Version Control (git)
Overview
Teaching: 15 min
Exercises: 15 minQuestions
How to keep track of changes in text files
Objectives
Learn the basic commands of git to version control text files
Version Control with Git
A version control system is a tool that keeps track of changes in a folder and all the files there in. That works by effectively creating different versions of our files. It allows us to decide which changes will be made to the next version (each record of these changes is called a commit), and keeps useful metadata about them. The complete history of commits for a particular project and their metadata make up a repository. Repositories can be kept in sync across different computers, facilitating collaboration among different people.
In scientific computing there are 3 typical scenarios where using a Version Control system is crucial in your effectiveness as researcher.
-
You write code, scripts and sometimes even data and you need to keep track on the changes on that code in case you need to go back and review for example, why a previous version was producing better results!.
-
You are writing a paper: Your paper will go into a spiral of reviews, by you, your collaborators, you PhD advisor, the referees. If you are using LateX for you paper, as you probably should do, it is easy to keep track of changes and keep your paper in sync across several computers.
-
You are writing your Thesis, same principle, your manuscript will have several cycles of review and corrections. You do not want to keep all your precious PhD Thesis on a single place and you do not want to get lost figuring out which version is the last version!.
Version control systems can help you with this, they are designed to keep track of changes on files, specially text files. Even if they work also for binary files like figures and plots, they are not able to detect the internal changes on those binary files, each version of the file, even if the change is small is an entirely different file.
We will go quickly to cover the basics of Version control using git, there is a complete lesson on Git on Software Carpentry Version Control with Git, consider to follow the lesson for a more detailed coverage about what git can do for you.
For the purpose of this hands-on, we will create and work entirely o an local repository. You can otherwise create an account on Github and get the ability to create public repositories for free or private repositories for a fee. WVU Research Computing offers to researchers private repositories for free via an special agreement with Github.
This are the first commands to prepare your environment for using with Github:
git config --global user.name "<Your Full Name>"
git config --global user.email "<username>@mix.wvu.edu"
{.source}
The default editor for commits is vim
and for the purpose of this introduction we will keep it like that.
Now, lets create a folder project_01
that we will convert into a git repository so Git can store versions of our files.

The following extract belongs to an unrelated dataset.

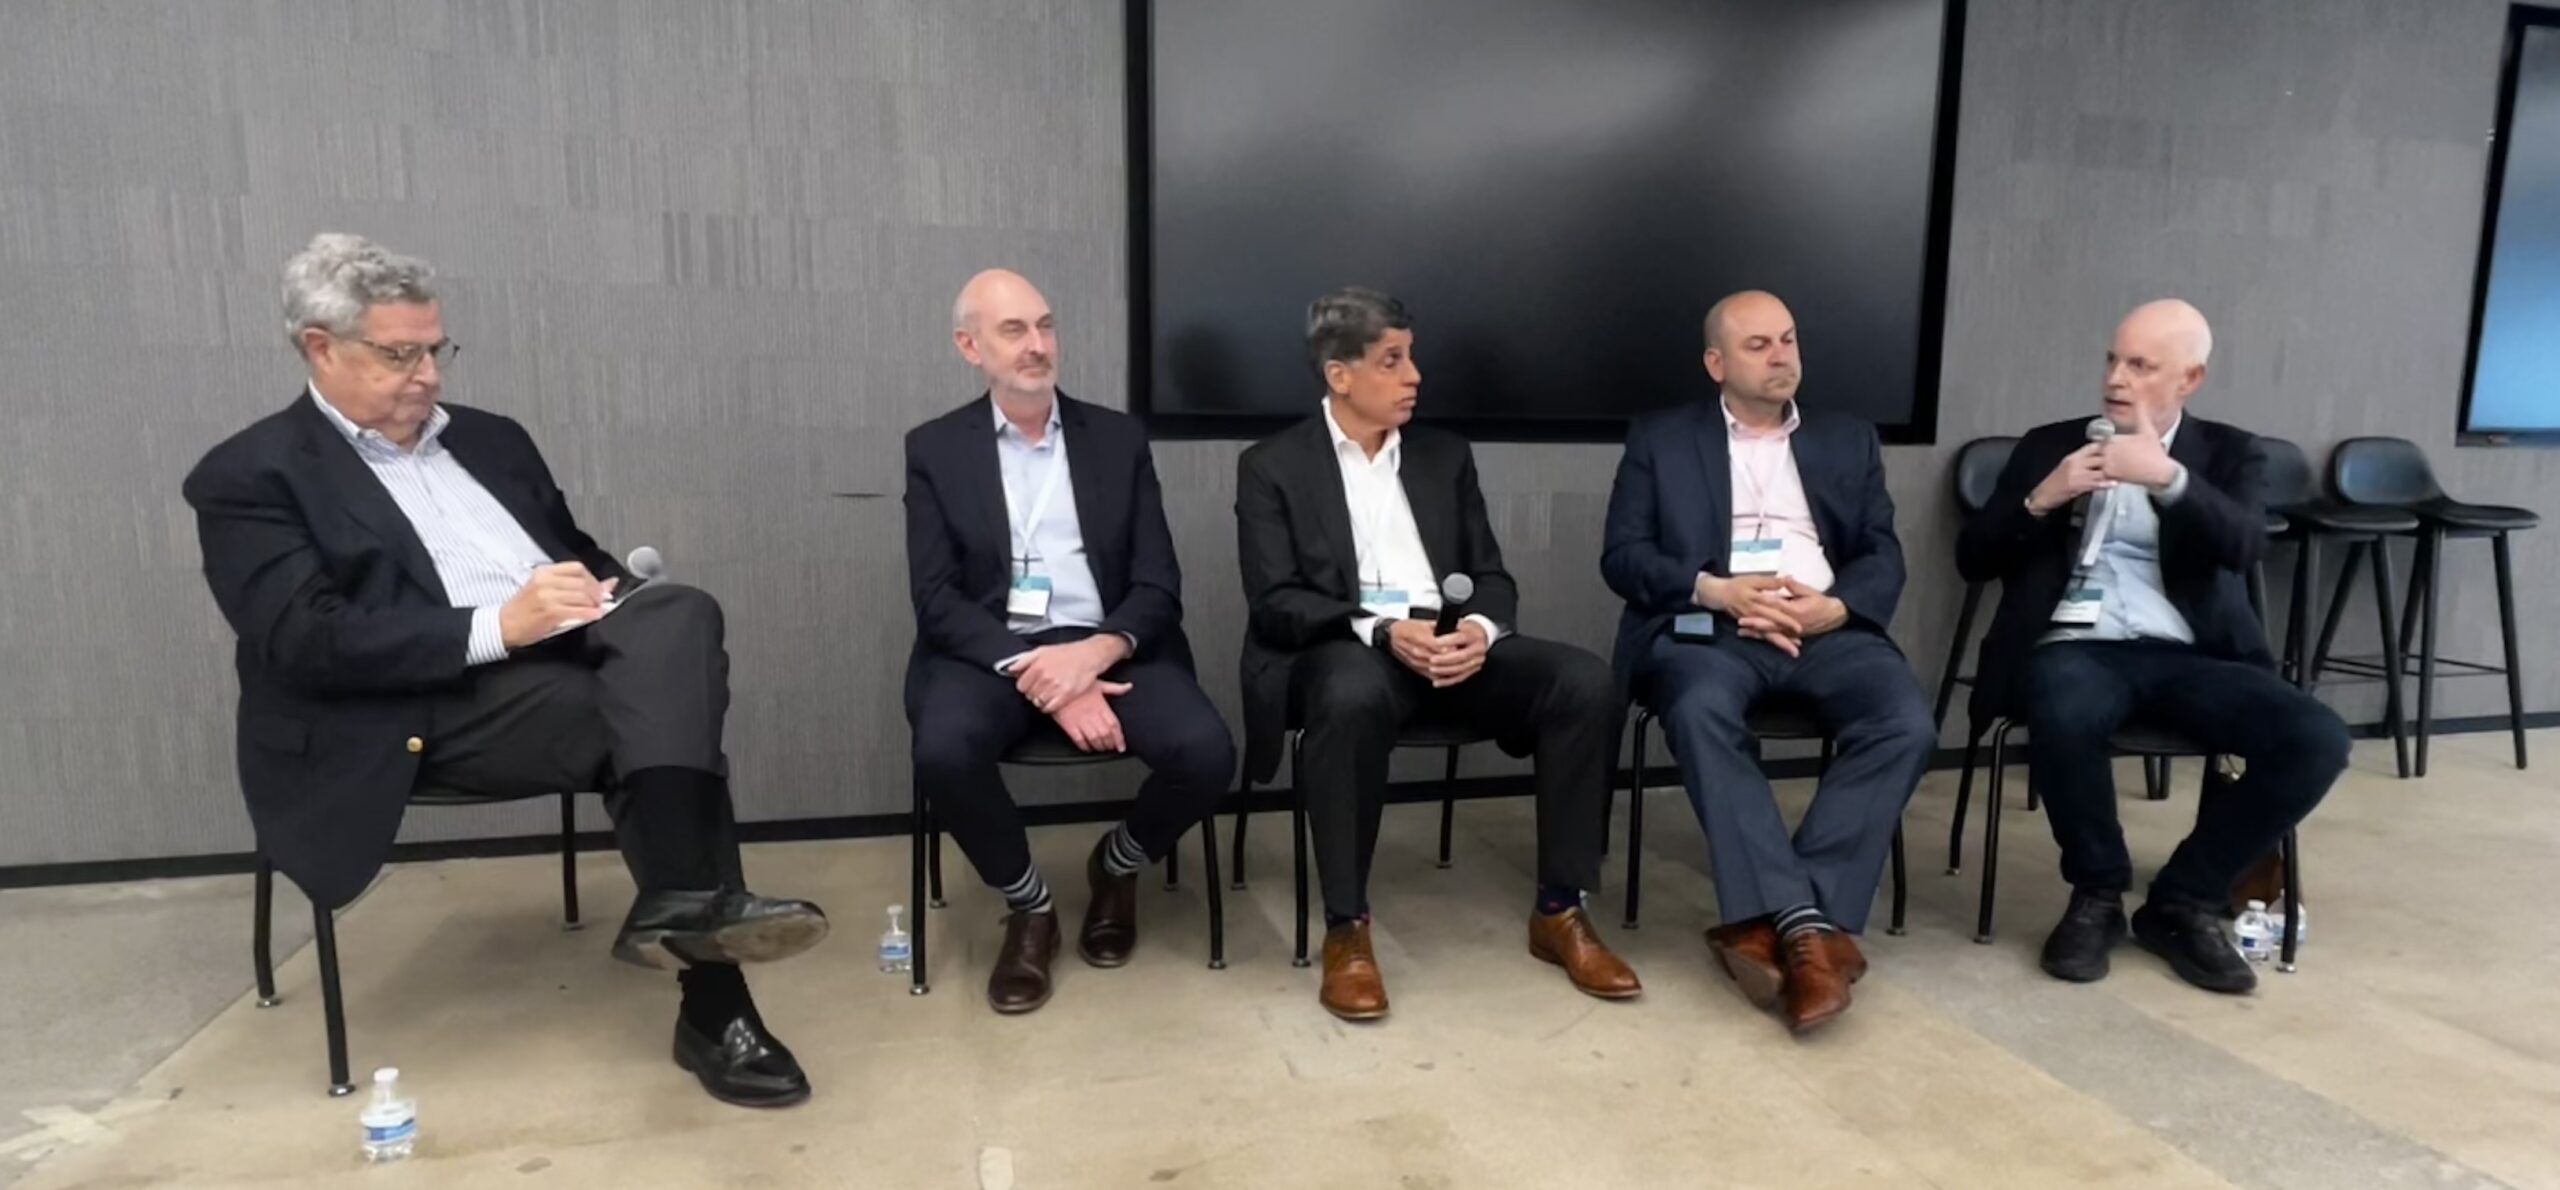 AEC Angels founding members discuss industry innovation at BuiltWorlds' 2024 Buildings Conference. From left to right: Grant McCullagh, Rob Leon, Tom Scarangello, Robert Ioanna and William Sharples.

Move inside the folder (cd project_01
) and execute:
$ git init
If we use ls
to show the directory’s contents you will see no new file apparently.
$ ls
But if we add the -a
flag to show hidden files and folders,
we can see that Git has created a hidden folder within projexct_01
called .git
:
$ ls -a
. .. .git
Git uses this special sub-directory to store all the information about the project,
including all files and sub-directories located within the project’s directory.
If we ever delete the .git
sub-directory, we will lose the project’s history.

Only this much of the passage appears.